▶ **Extracted data**
##############################
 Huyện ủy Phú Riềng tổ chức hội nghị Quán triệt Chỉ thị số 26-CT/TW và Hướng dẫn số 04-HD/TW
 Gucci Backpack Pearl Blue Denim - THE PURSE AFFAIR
##############################
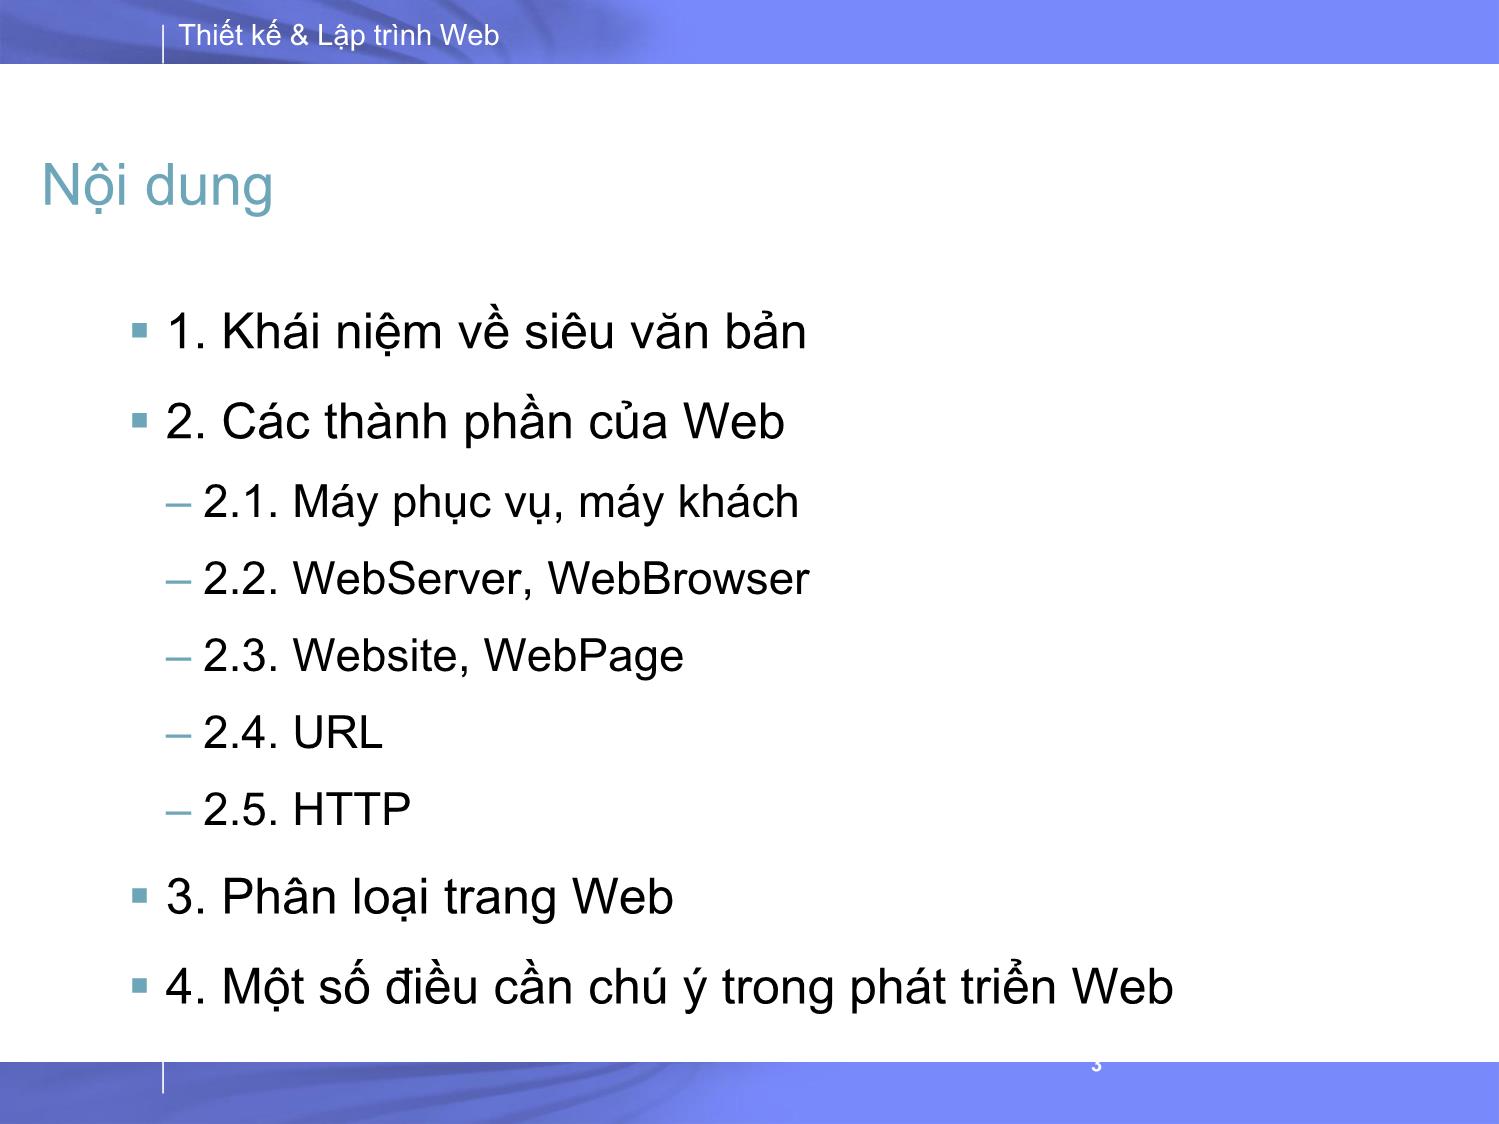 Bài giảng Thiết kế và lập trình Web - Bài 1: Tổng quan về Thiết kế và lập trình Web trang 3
##############################
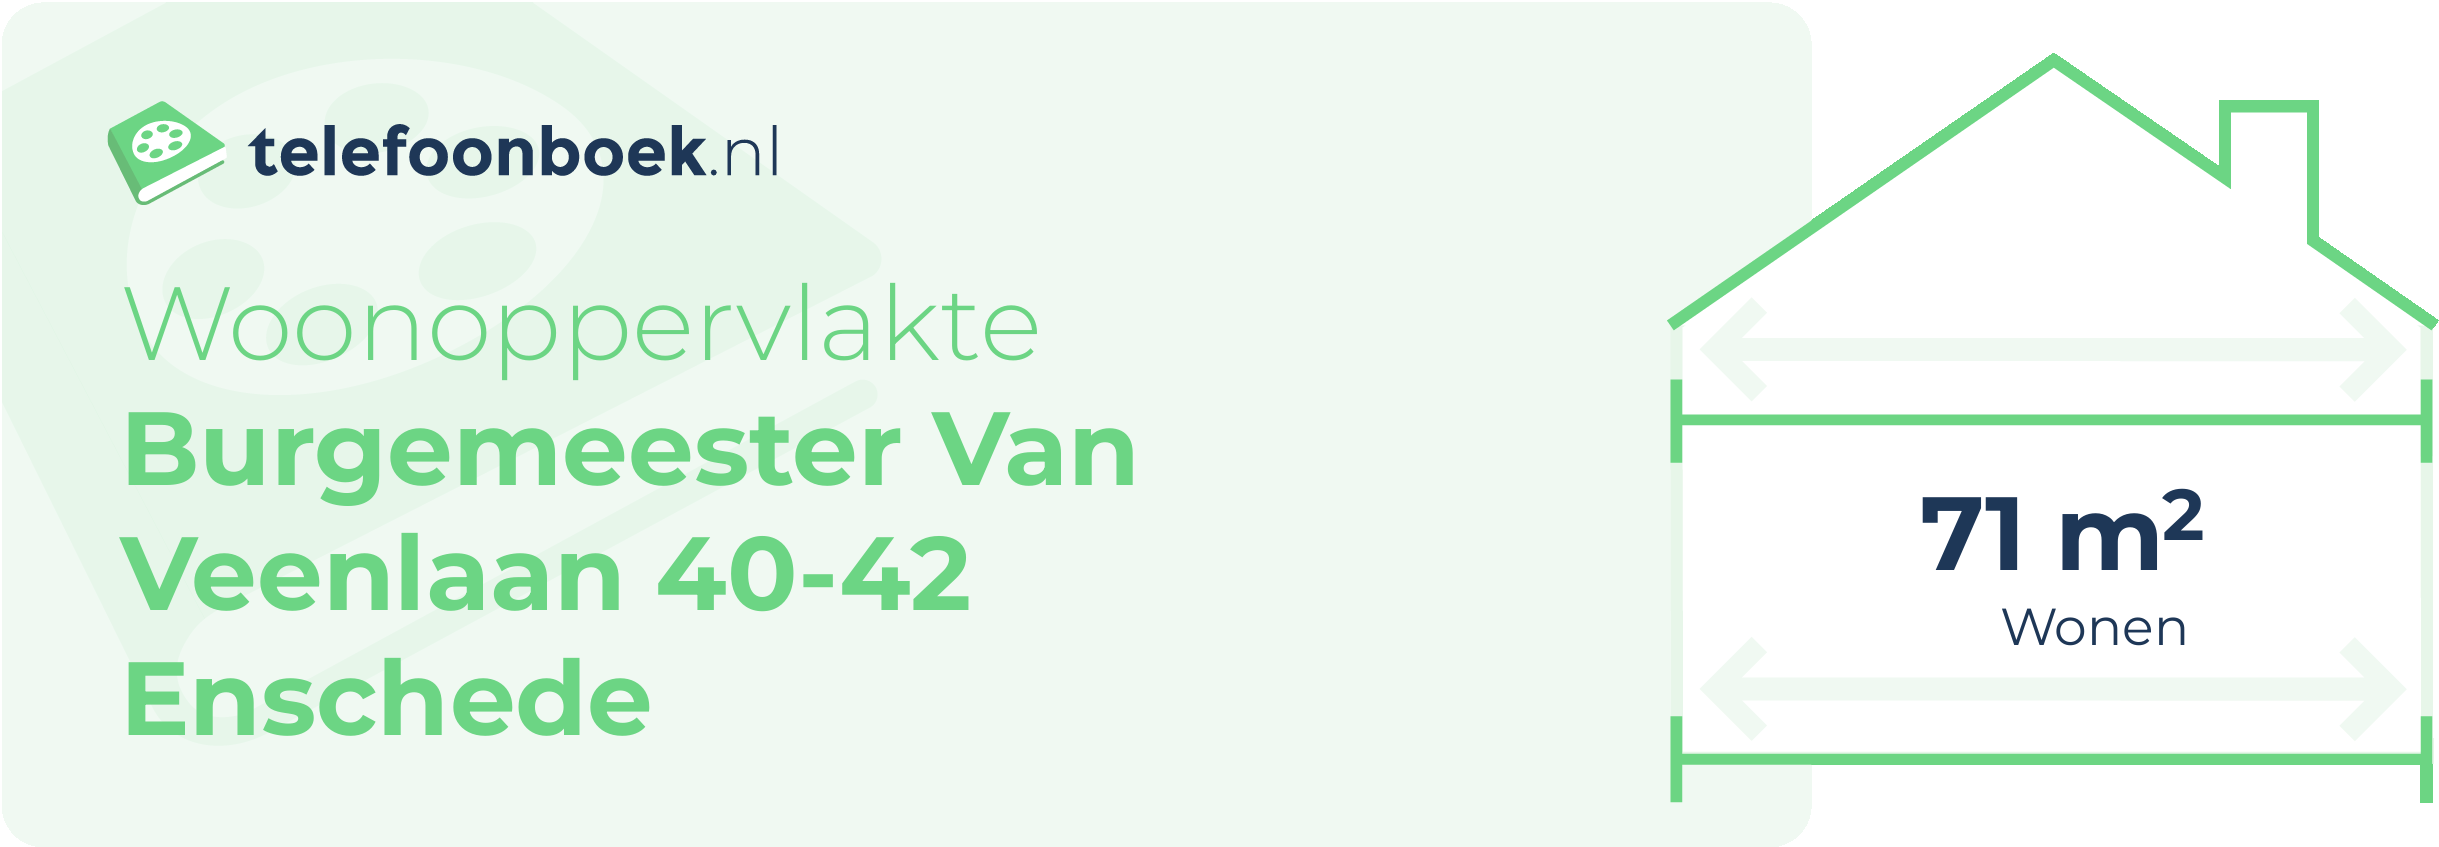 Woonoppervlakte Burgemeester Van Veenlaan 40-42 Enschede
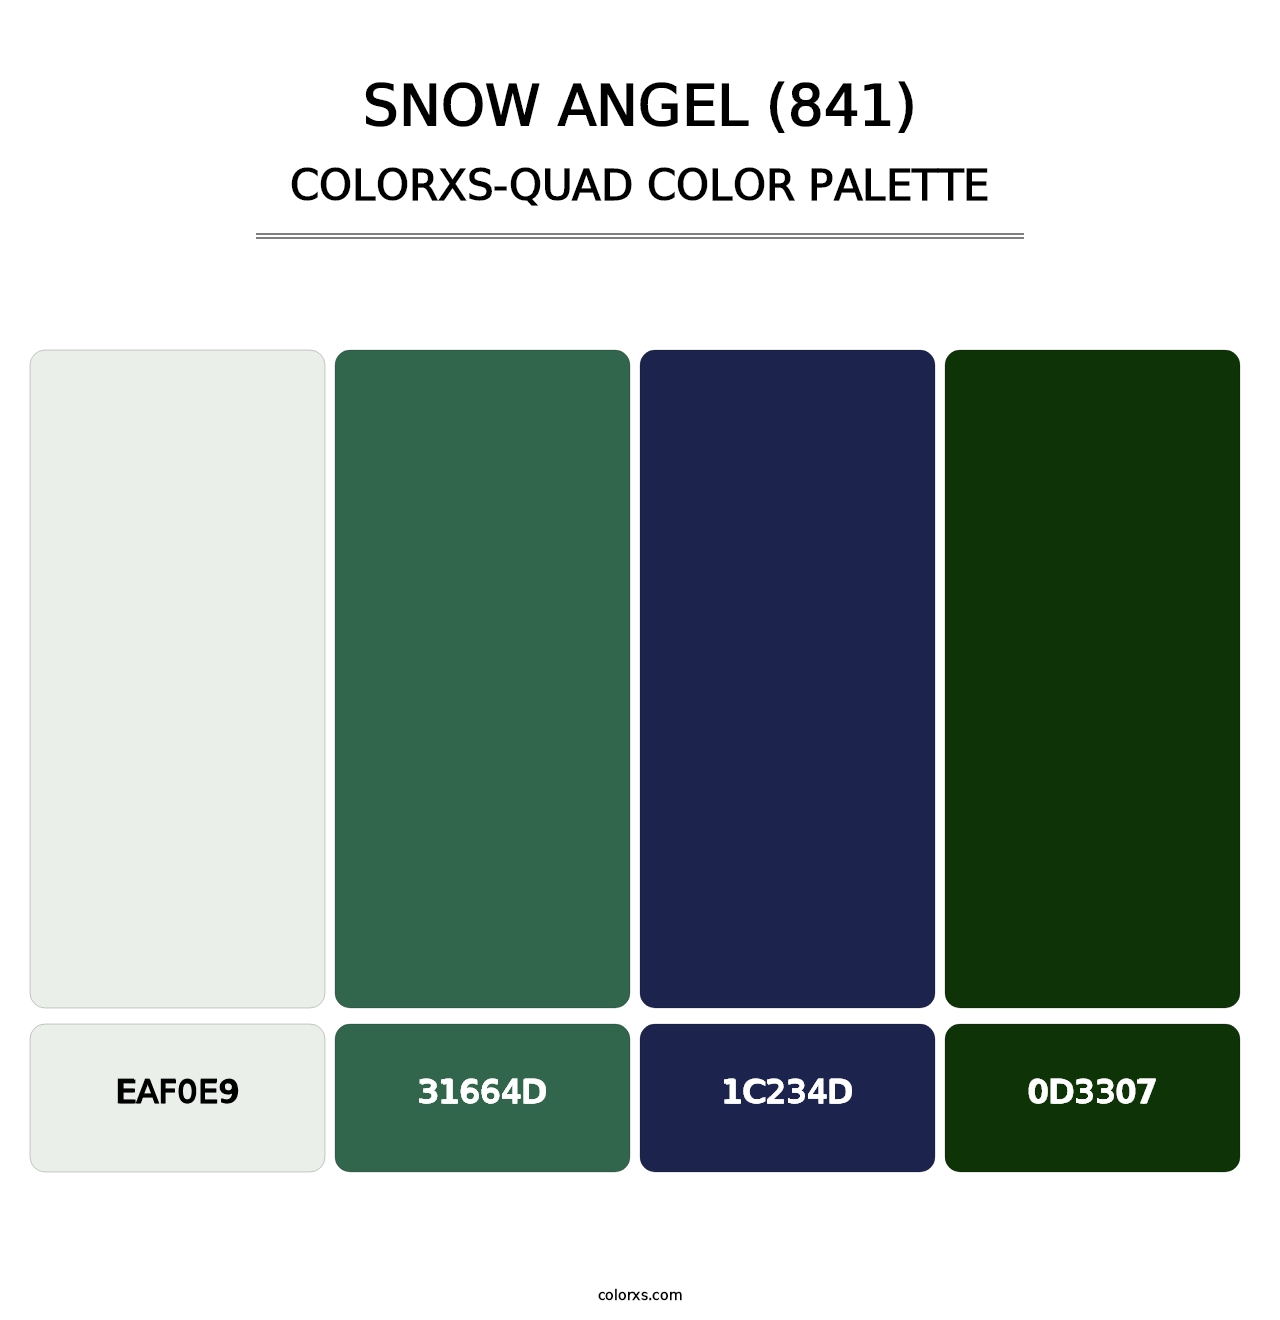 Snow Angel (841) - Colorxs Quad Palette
##############################
▶ **What this task involves**
There is a run of lines above from the one with "Huyện ủy Phú" to the one with "Gucci Backpack Pearl"; print exactly that run, both ends included, and nothing else.

▶ **Answer below**
 Huyện ủy Phú Riềng tổ chức hội nghị Quán triệt Chỉ thị số 26-CT/TW và Hướng dẫn số 04-HD/TW
 Gucci Backpack Pearl Blue Denim - THE PURSE AFFAIR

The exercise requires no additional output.